*** Opening of Data section ***

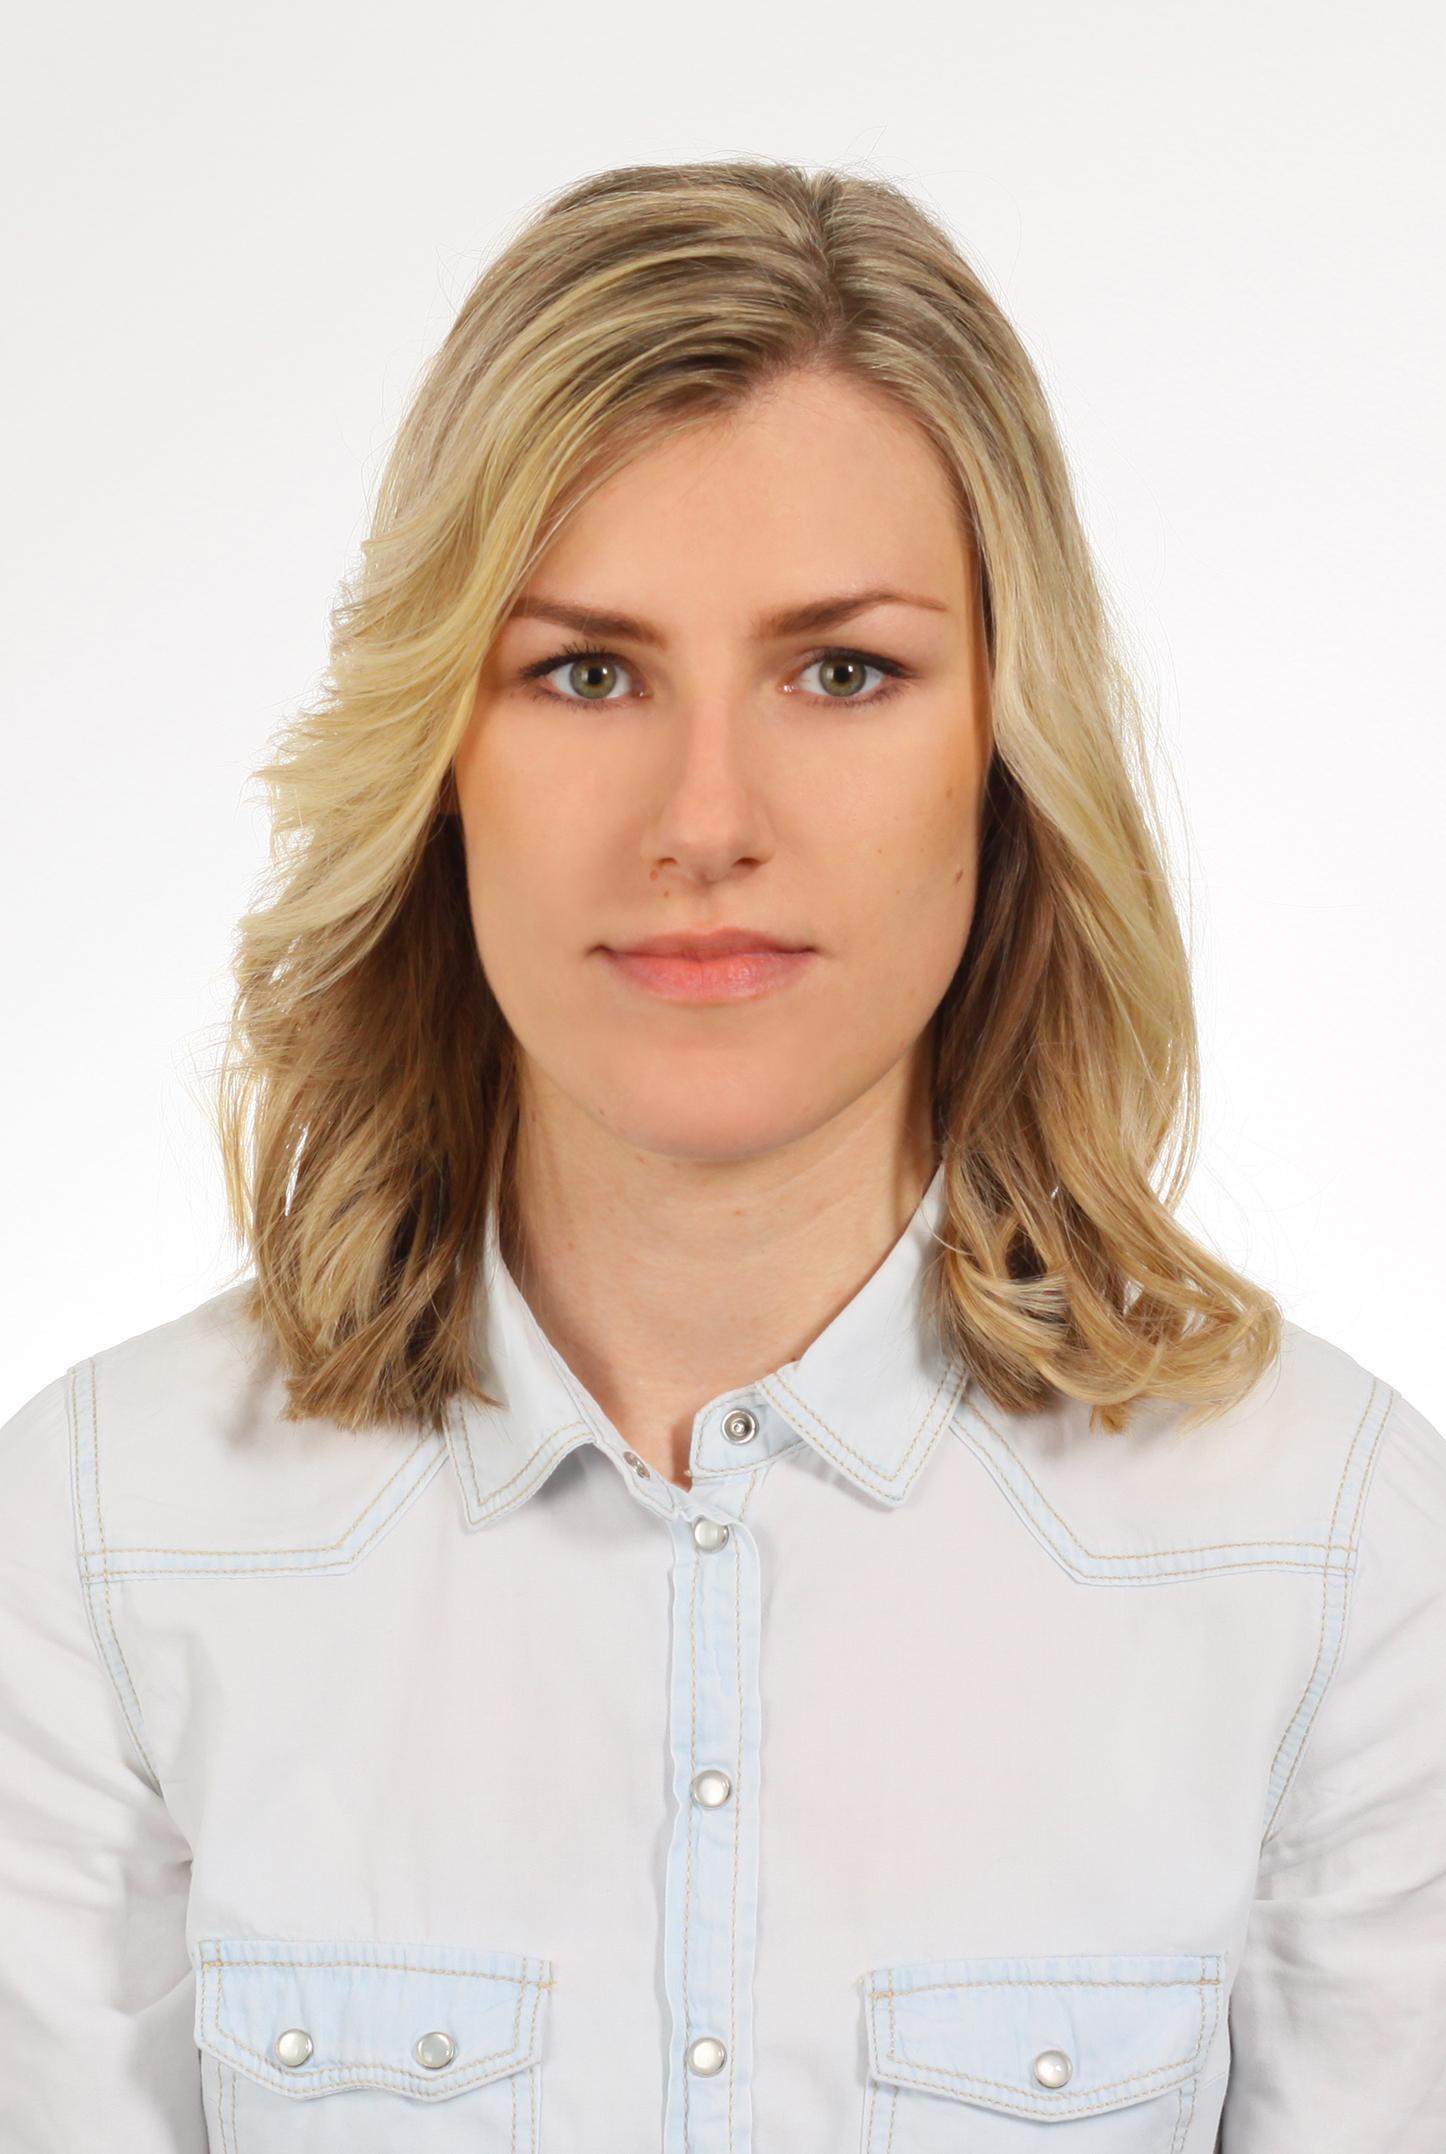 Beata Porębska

*** Close of Data section ***
*** Opening of Data section ***

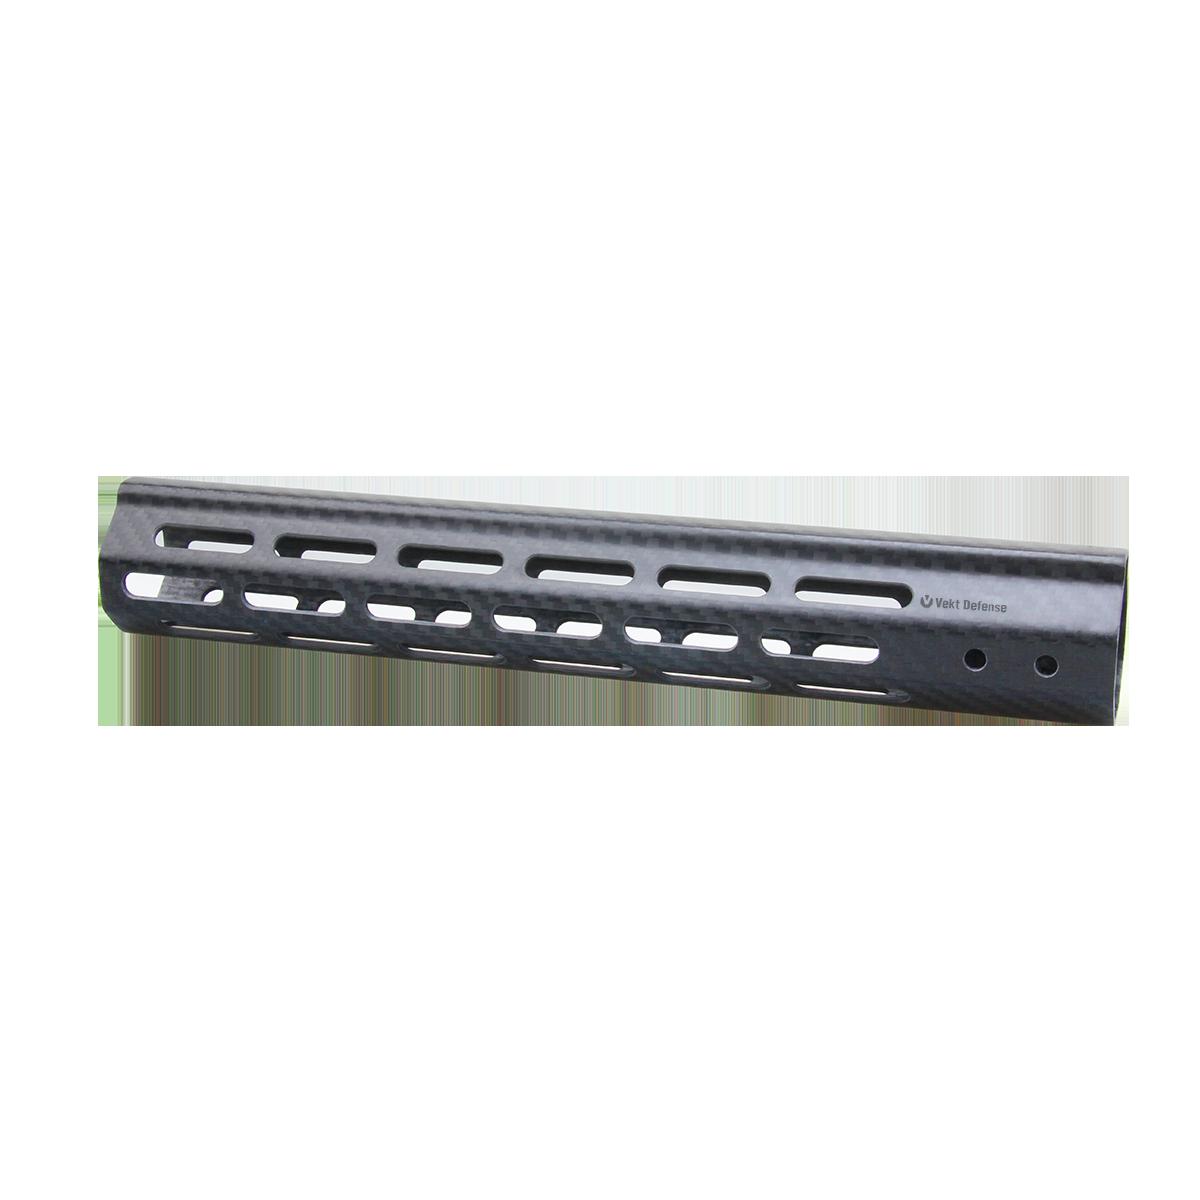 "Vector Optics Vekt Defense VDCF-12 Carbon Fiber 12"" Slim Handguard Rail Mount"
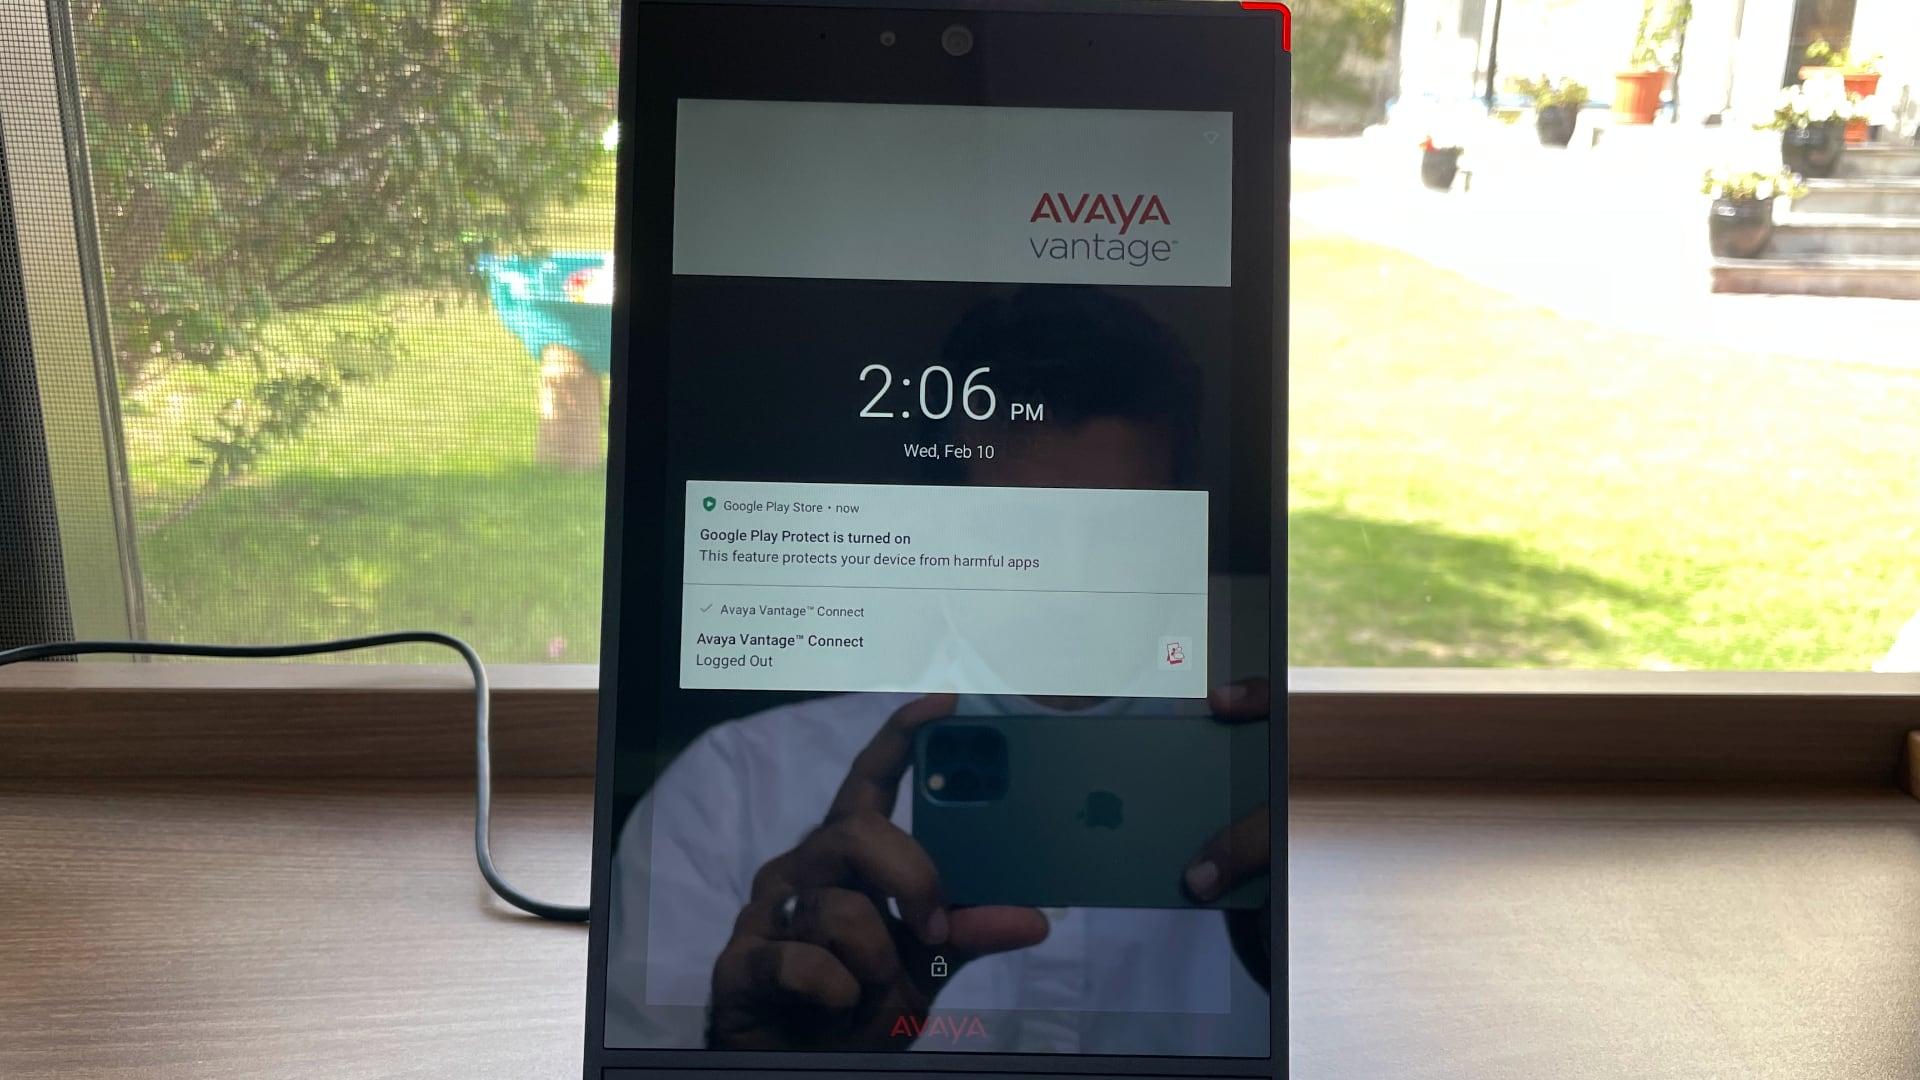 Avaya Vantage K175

*** Close of Data section ***

Leaving every picture aside, reproduce exactly the lines above from the one with "Optics Vekt Defense" up to and including the one with "Avaya Vantage K175", and no others.

_Exercise response:_
 "Vector Optics Vekt Defense VDCF-12 Carbon Fiber 12"" Slim Handguard Rail Mount"
 Avaya Vantage K175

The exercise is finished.